In MWS, Amazon defined a desktop application as software that is installed on a single computer. In SP-API, only hybrid applications are supported. Here are the two common types of desktop applications:
Native desktop applications are downloaded by a user onto their computer and
have no connection to the application developer's systems. This is not acceptable per Amazon policies.
Hybrid applications run on a remote host owned by the developer. Hybrid
applications use both a web-browser interface and a desktop component
downloaded to the user’s computer. Acceptable per Amazon policies.
Here are the requirements for developing a hybrid (web applications that have a desktop client) in Amazon SP-API:
The correct authorization model. In the Grant authorization model, sellers provide the SP-API authentication token, thus giving the developer the ability to make calls to Amazon SP-API on the seller’s behalf.
The required data encryption controls. Ensure Amazon information is encrypted through all network channels and at rest in your application. Amazon customer personally identifiable information (PII) data must always be encrypted. All communication channels in the application must be protected using firewalls or security groups.
Secure logging and monitoring solutions. Ensure logs are captured securely in your application and passed back to your systems over a protected network. Implement automated alarms and monitoring for all facets of the application.
Develop your application with software updates and security patches that are easily accessible. It is important that your web and desktop application are up to date with the latest software updates and security patches. It is also important to architect applications to protect against viruses, malware, and hacks to reduce the likelihood of a security breach.

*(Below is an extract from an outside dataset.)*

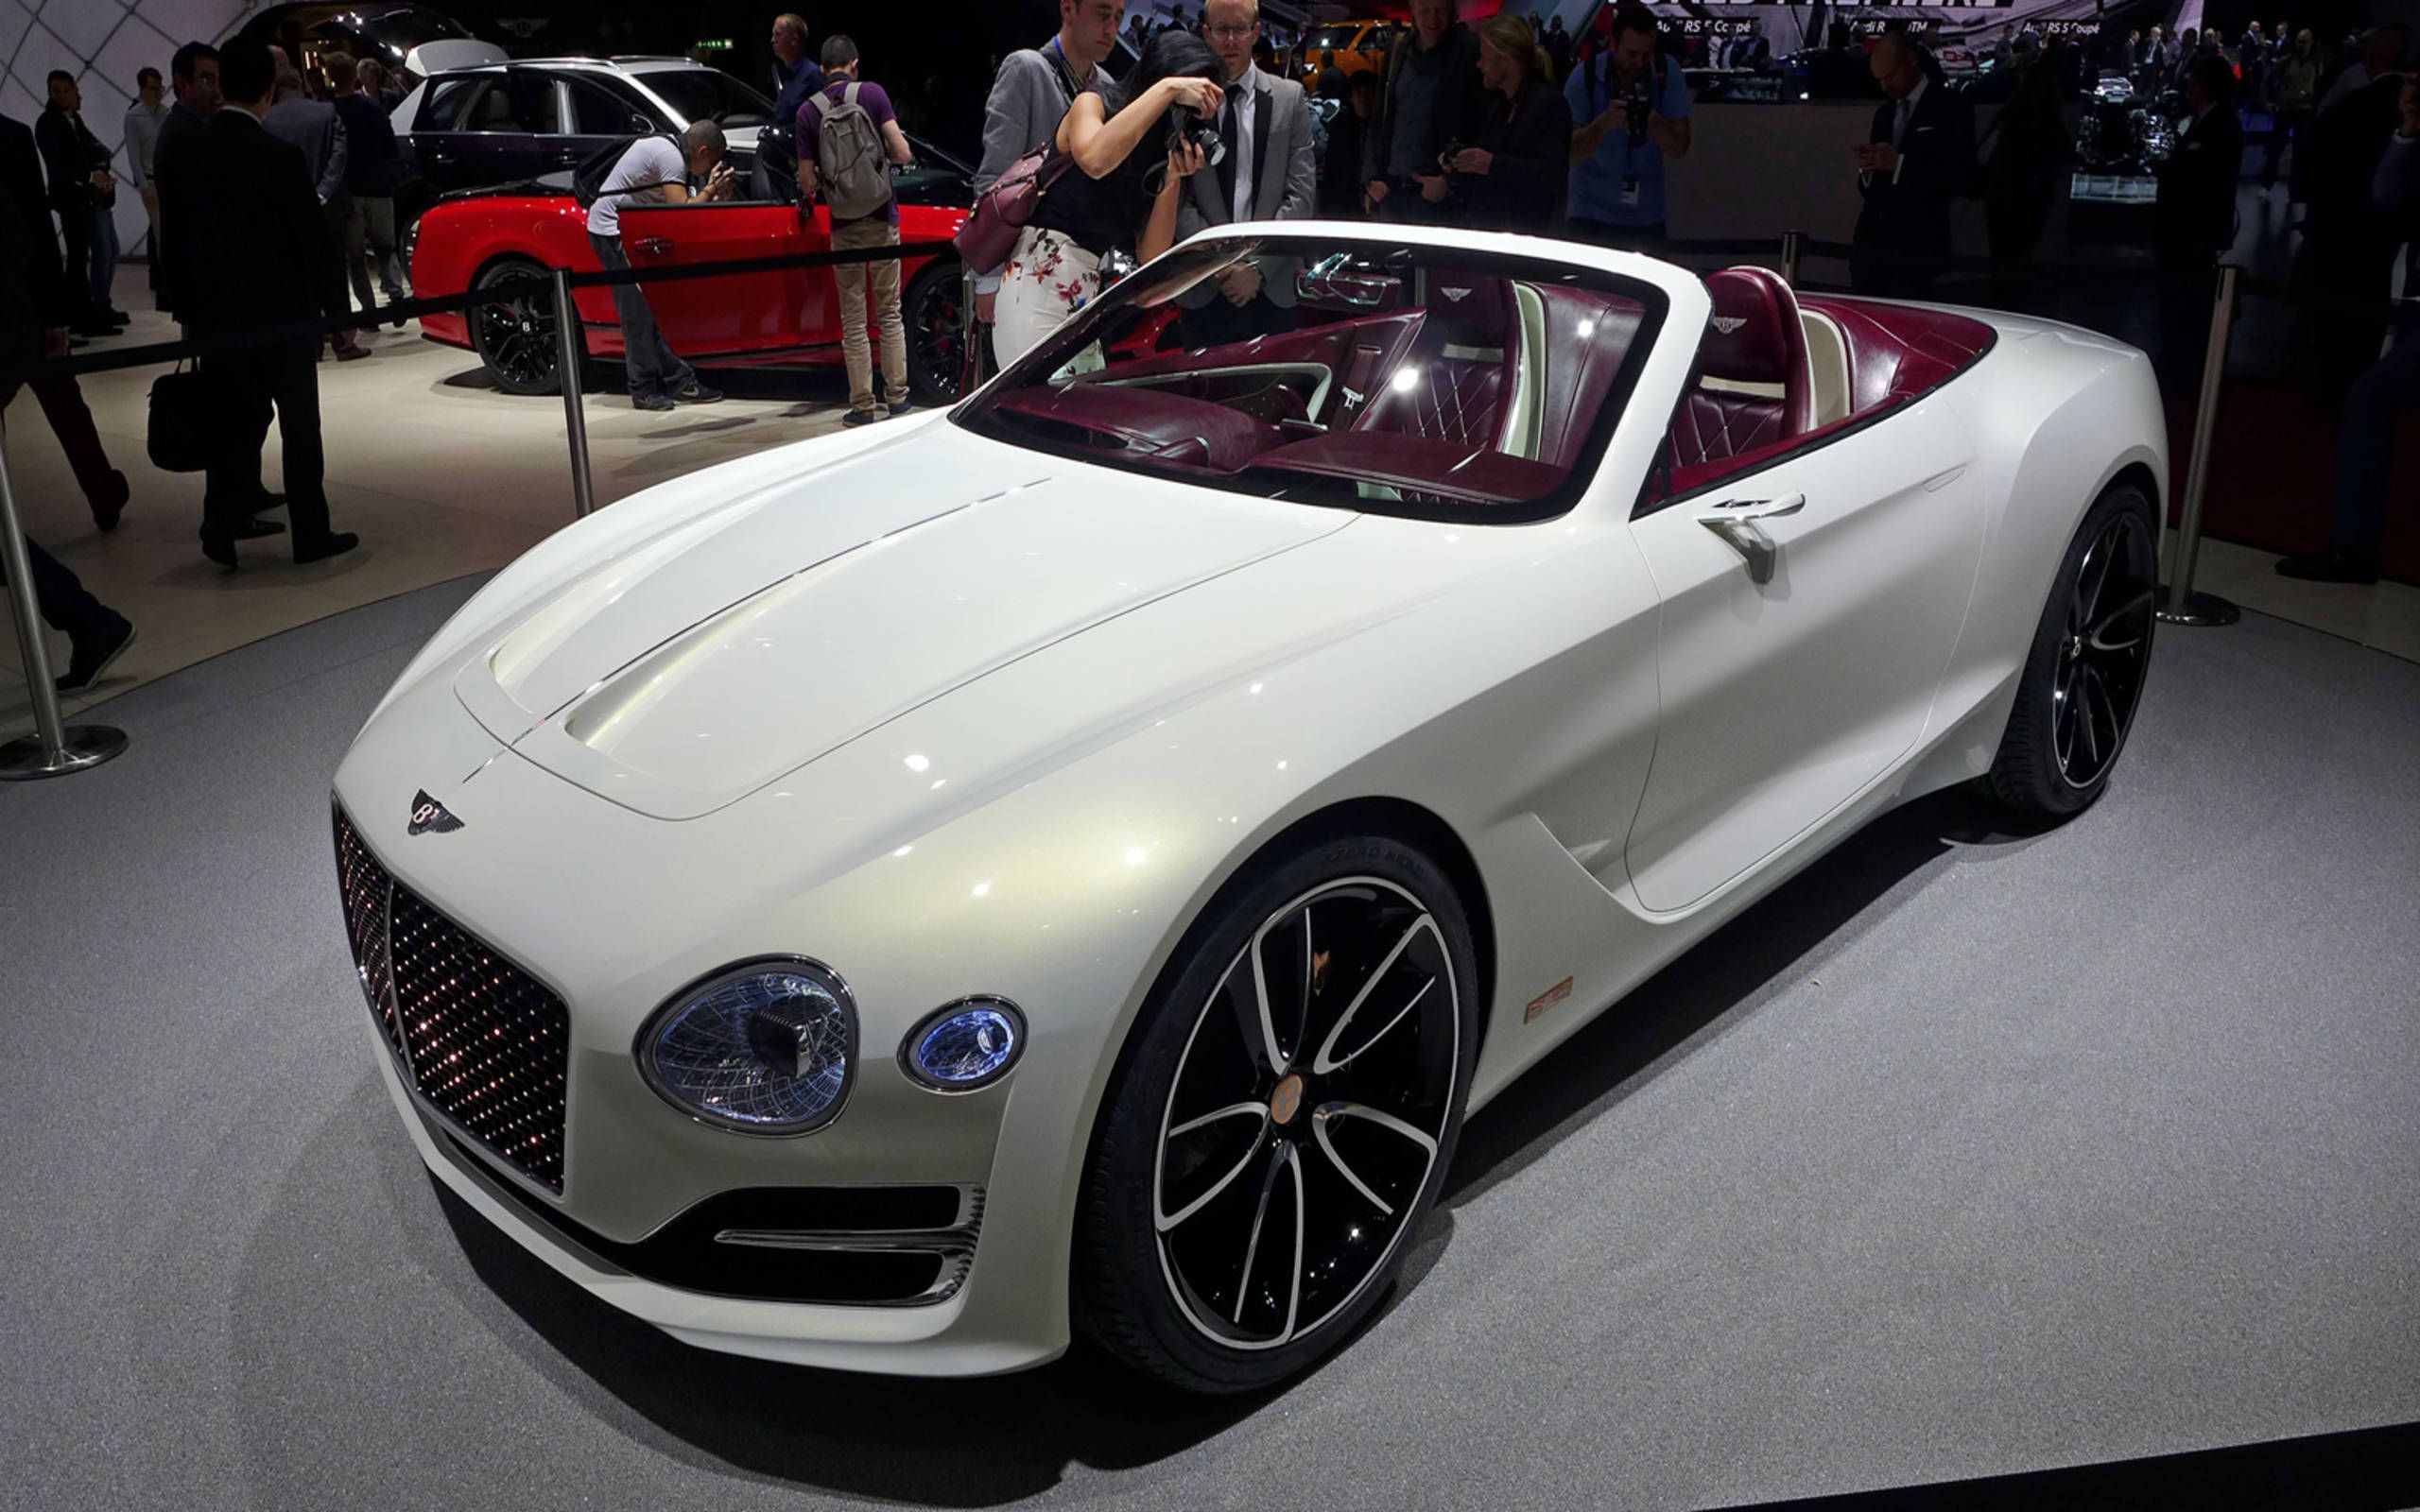 Bentley Tests The Ev Waters With The Exp 12 Speed 6e Concept

The following sections discuss special considerations for each of these requirements when building desktop applications.
This section explains the Grant Authorization model. The benefit of the Grant Authorization is that no application credentials are exchanged or stored. Instead, an access token with a limited expiration time is generated.
Use the website authorization workflow to get authorization from the seller, and then make the Login with Amazon call to get the refresh token to make the SP-API call. Due to the OAuth workflow, the call can only originate from your server.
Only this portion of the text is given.